_What you will do_
Your task is to transcribe all of the data below exactly, omitting the images.

_Dataset extract_
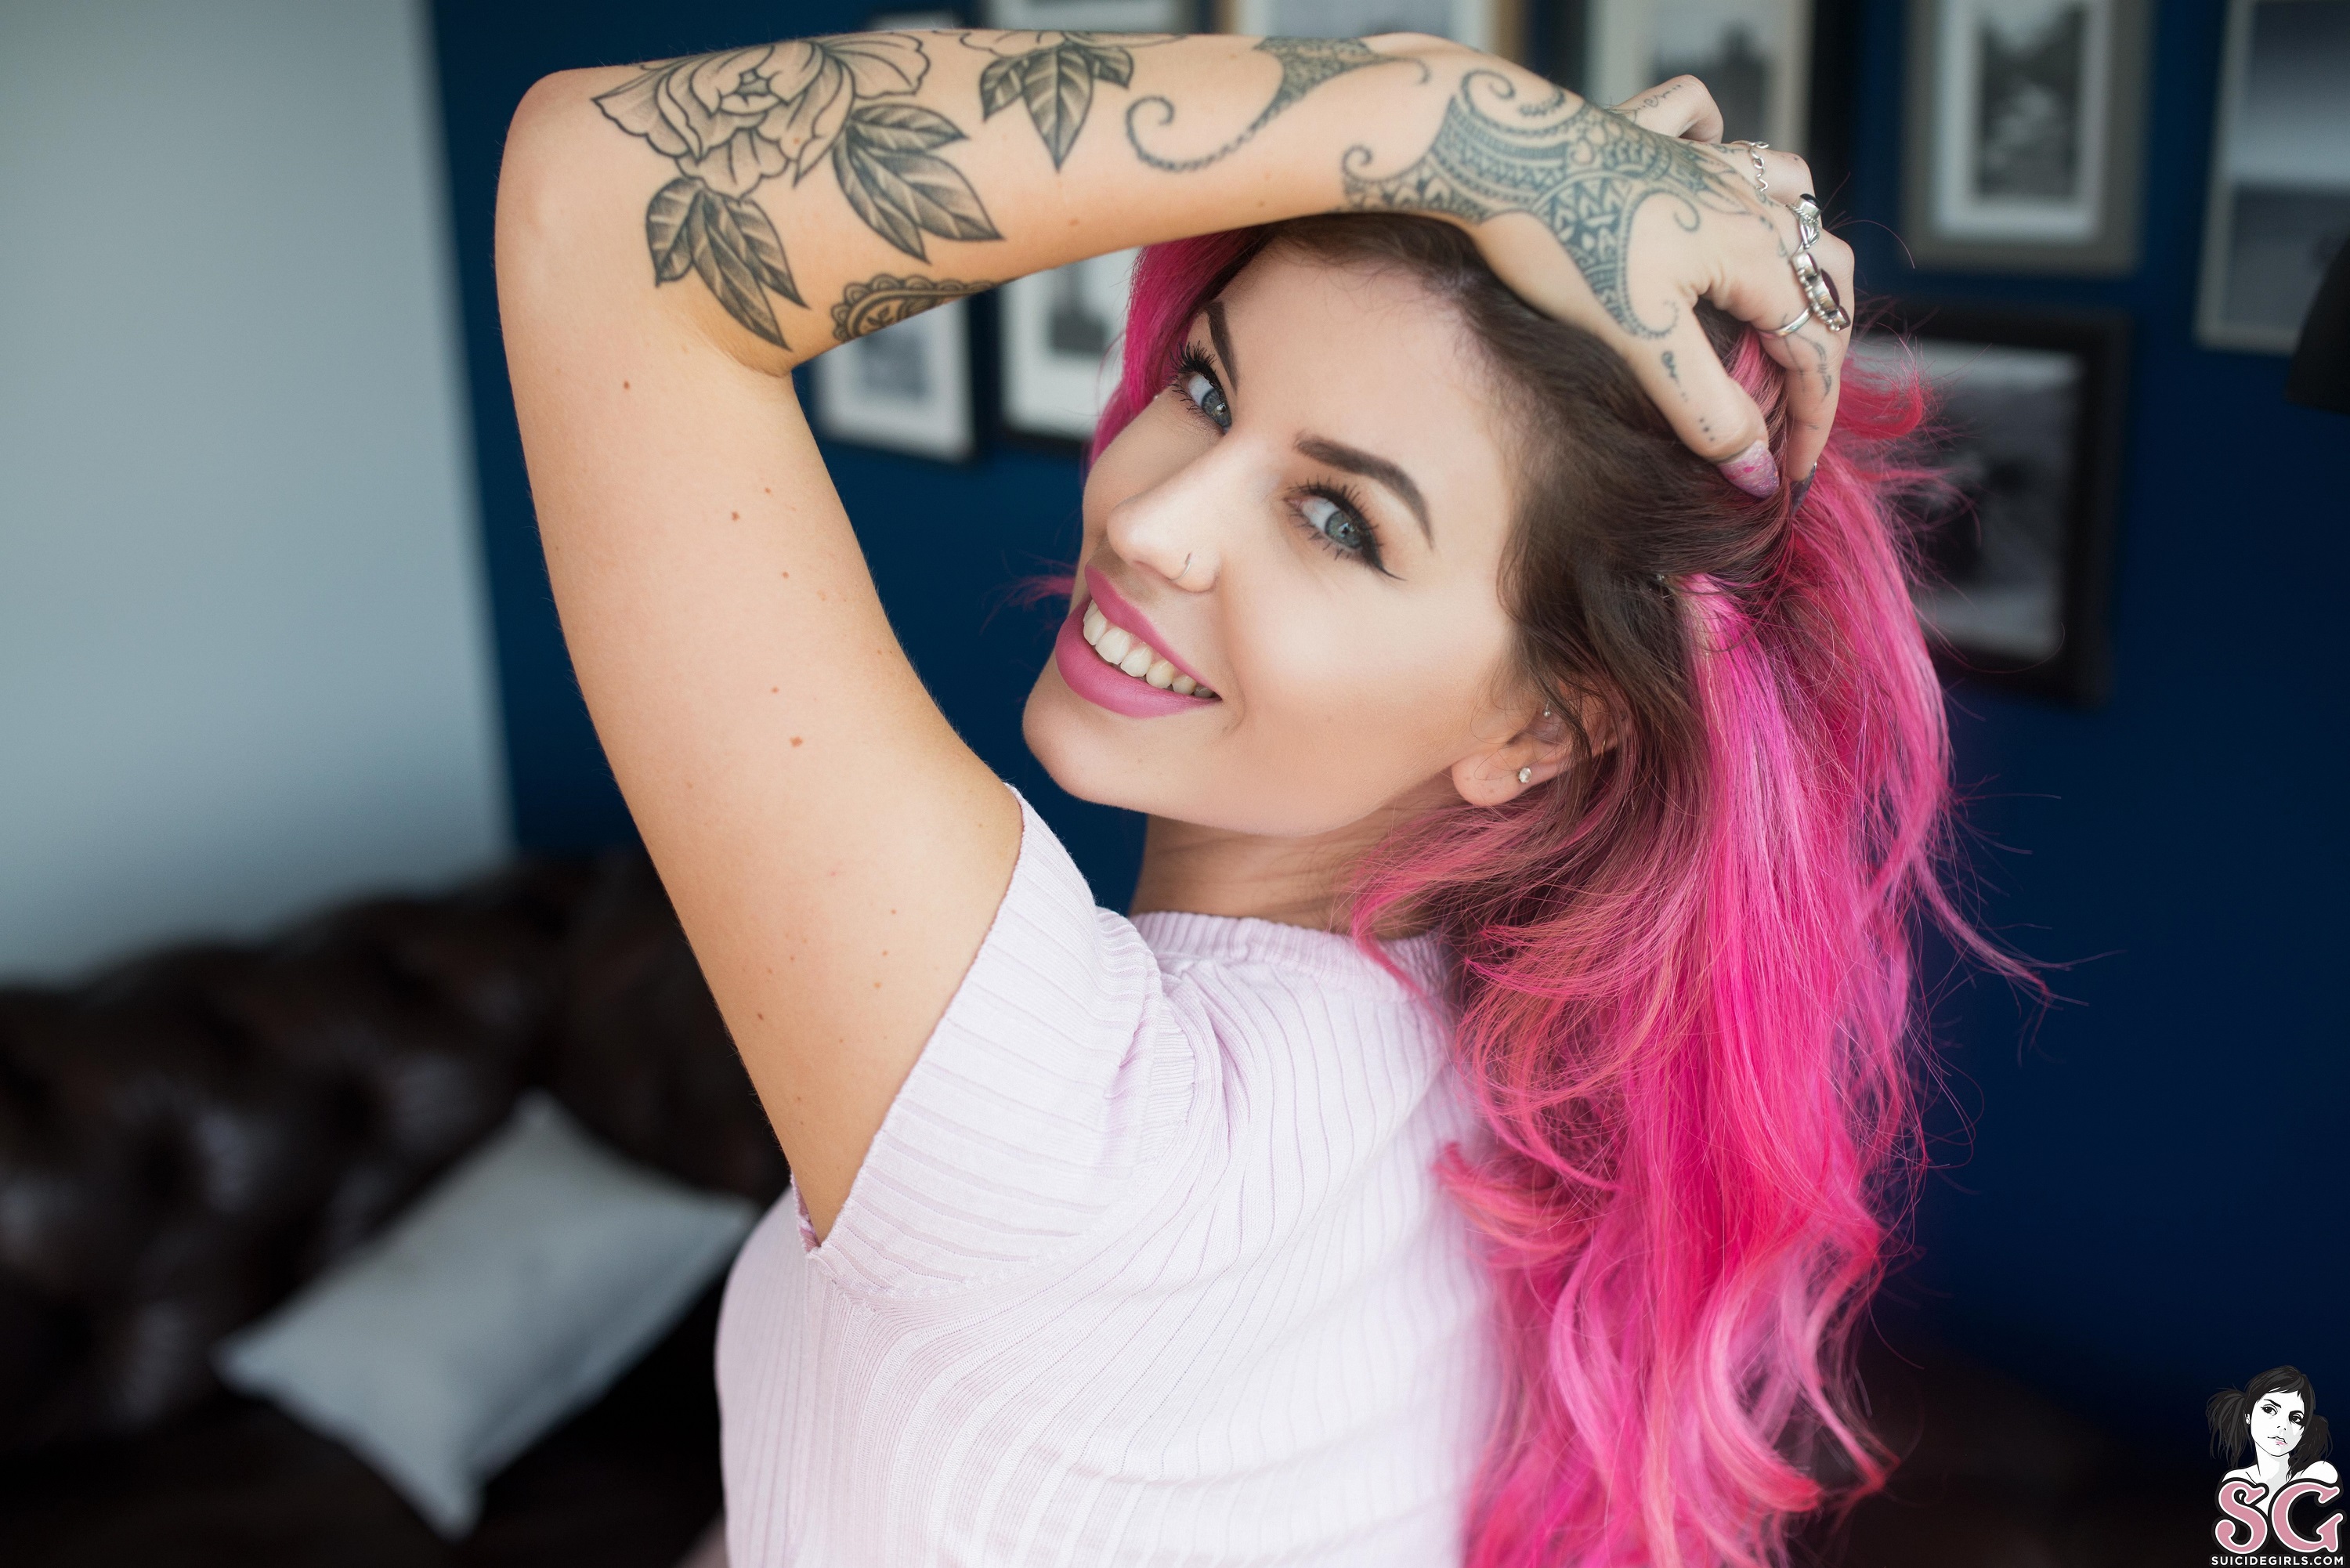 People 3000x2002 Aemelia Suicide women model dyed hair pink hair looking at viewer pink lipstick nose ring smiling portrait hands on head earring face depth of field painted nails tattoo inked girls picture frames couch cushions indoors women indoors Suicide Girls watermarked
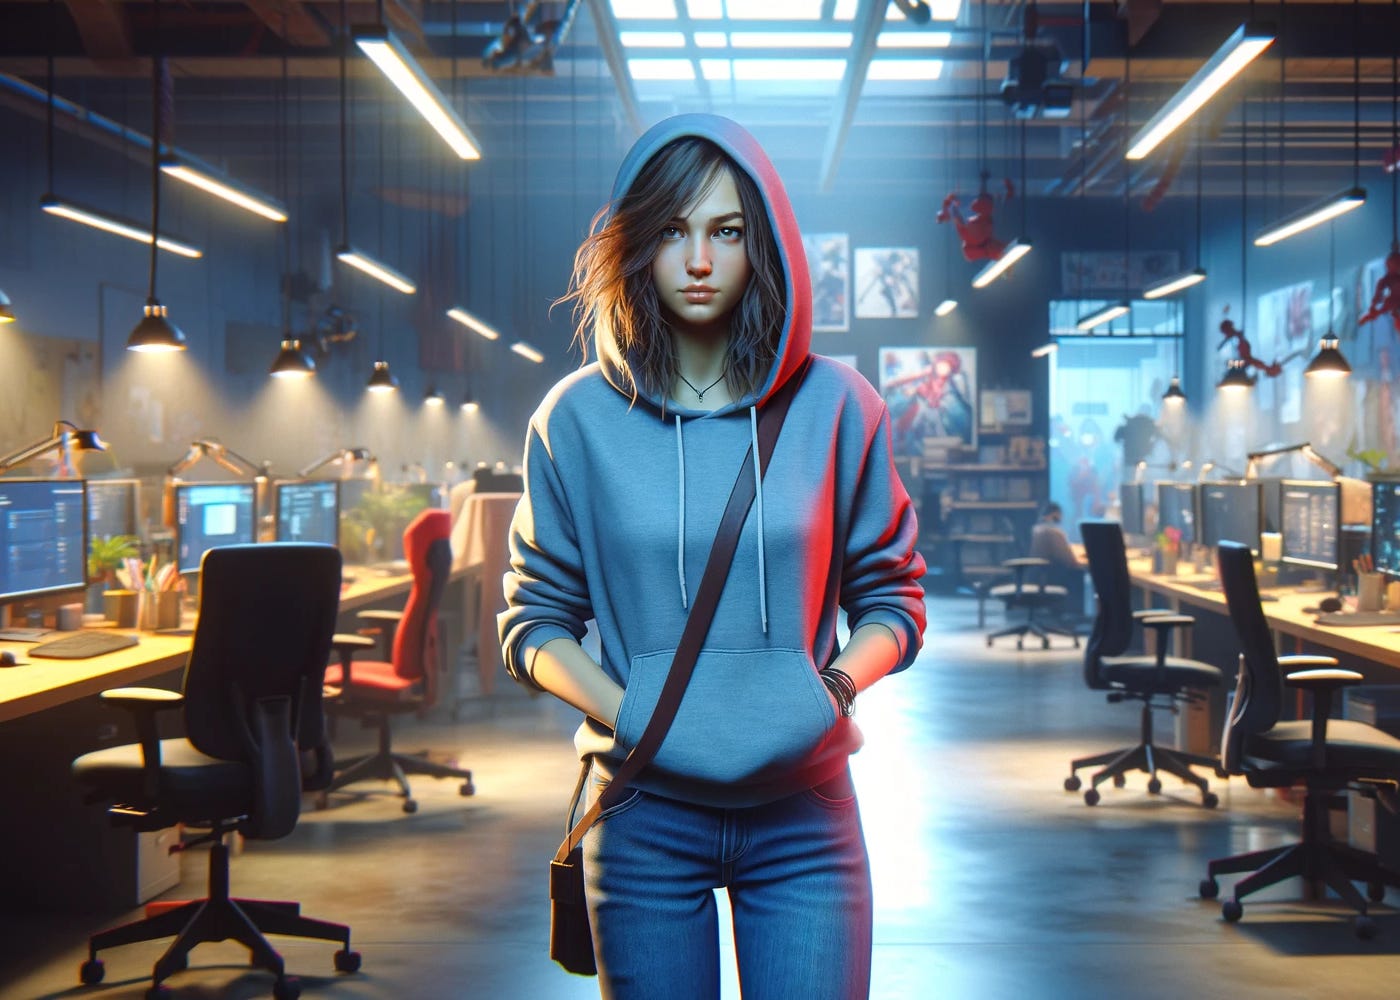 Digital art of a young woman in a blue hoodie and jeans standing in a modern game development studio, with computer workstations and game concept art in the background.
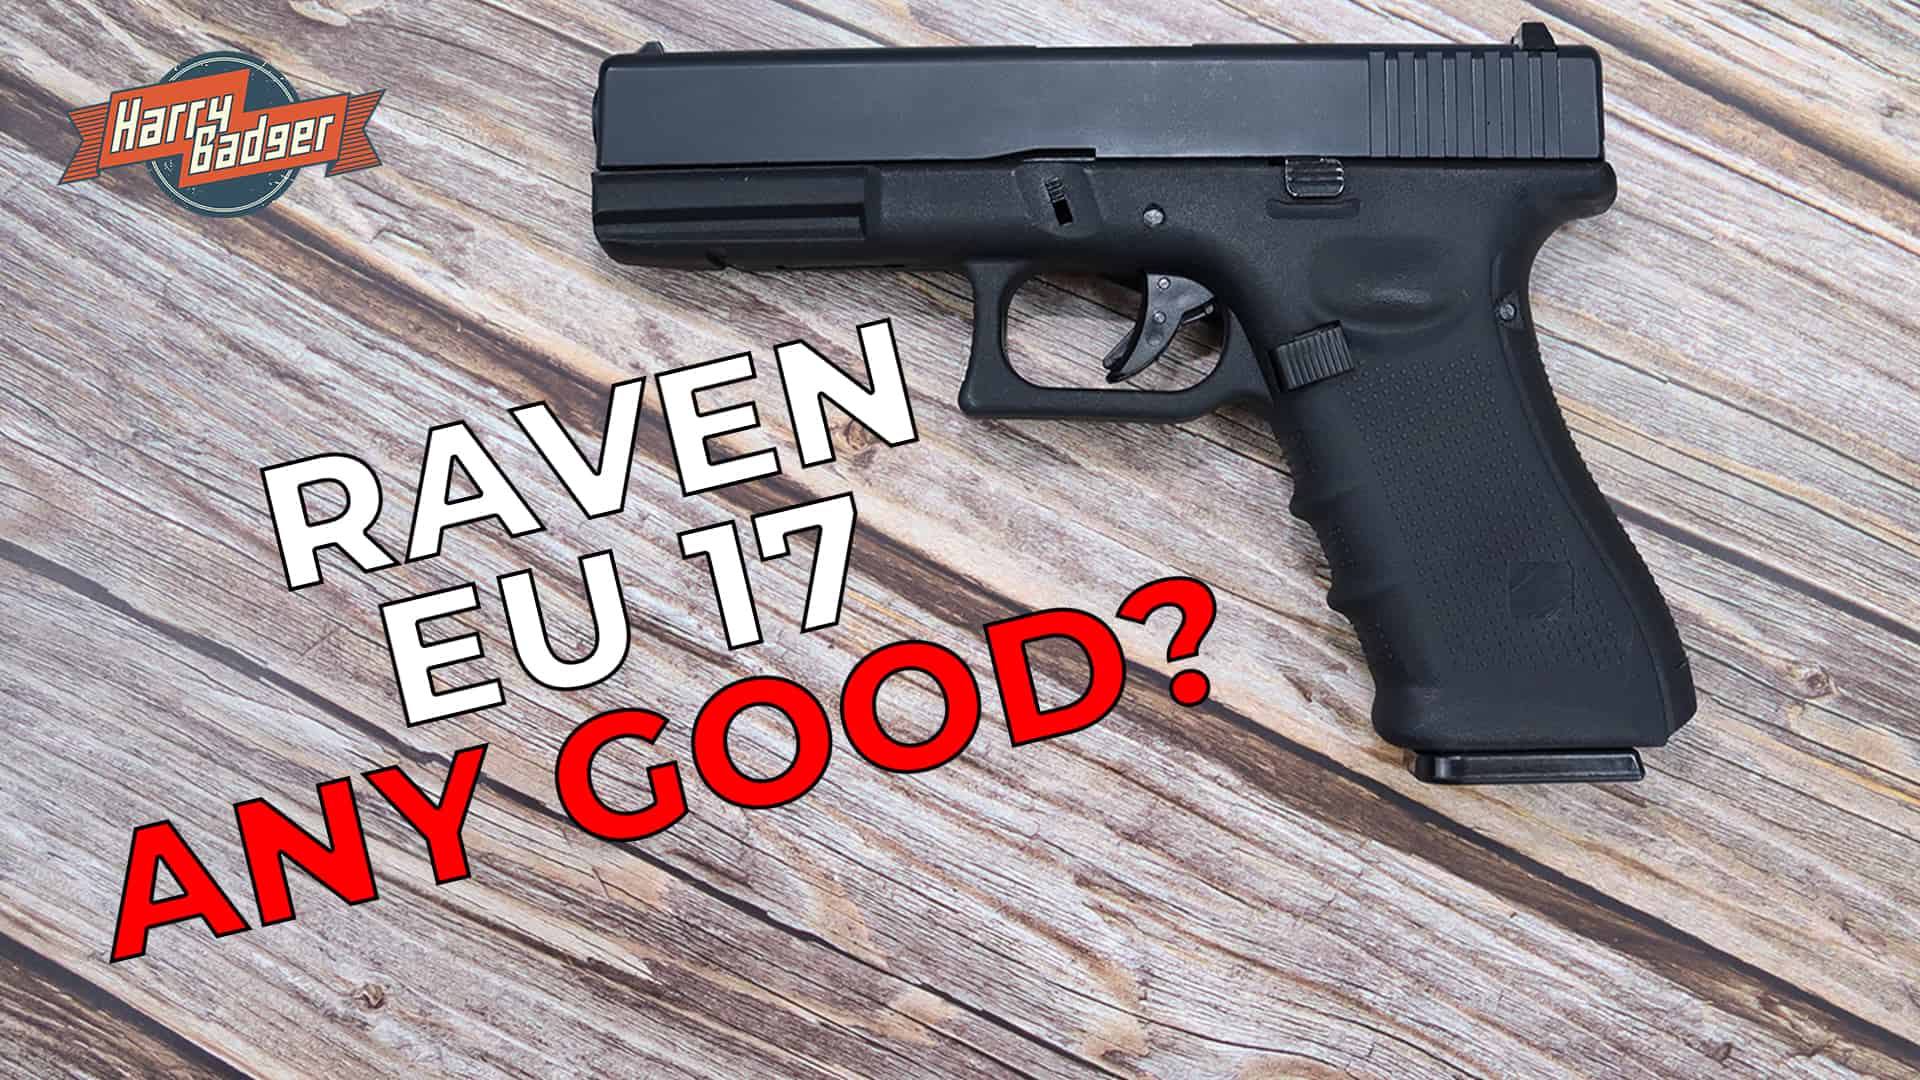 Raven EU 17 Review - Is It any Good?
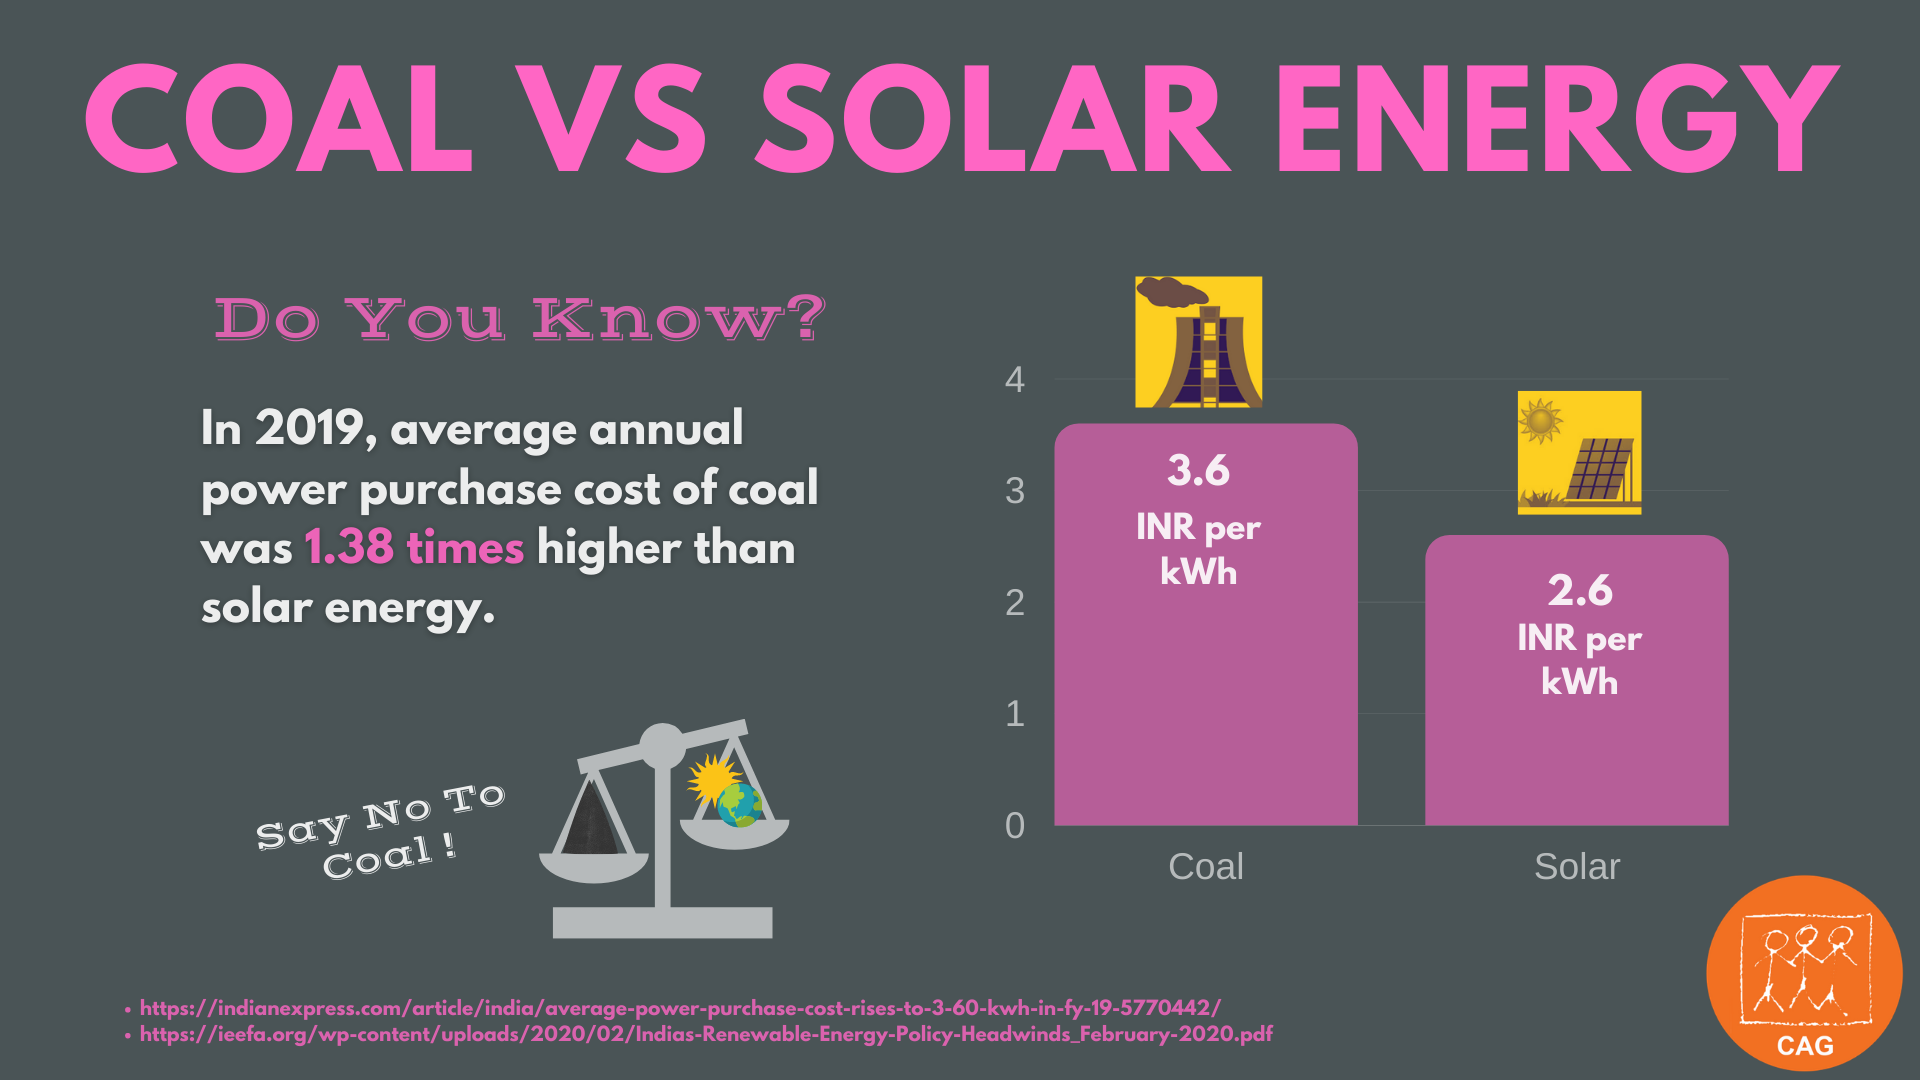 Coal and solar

_Output for this task_
 People 3000x2002 Aemelia Suicide women model dyed hair pink hair looking at viewer pink lipstick nose ring smiling portrait hands on head earring face depth of field painted nails tattoo inked girls picture frames couch cushions indoors women indoors Suicide Girls watermarked
 Digital art of a young woman in a blue hoodie and jeans standing in a modern game development studio, with computer workstations and game concept art in the background.
 Raven EU 17 Review - Is It any Good?
 Coal and solar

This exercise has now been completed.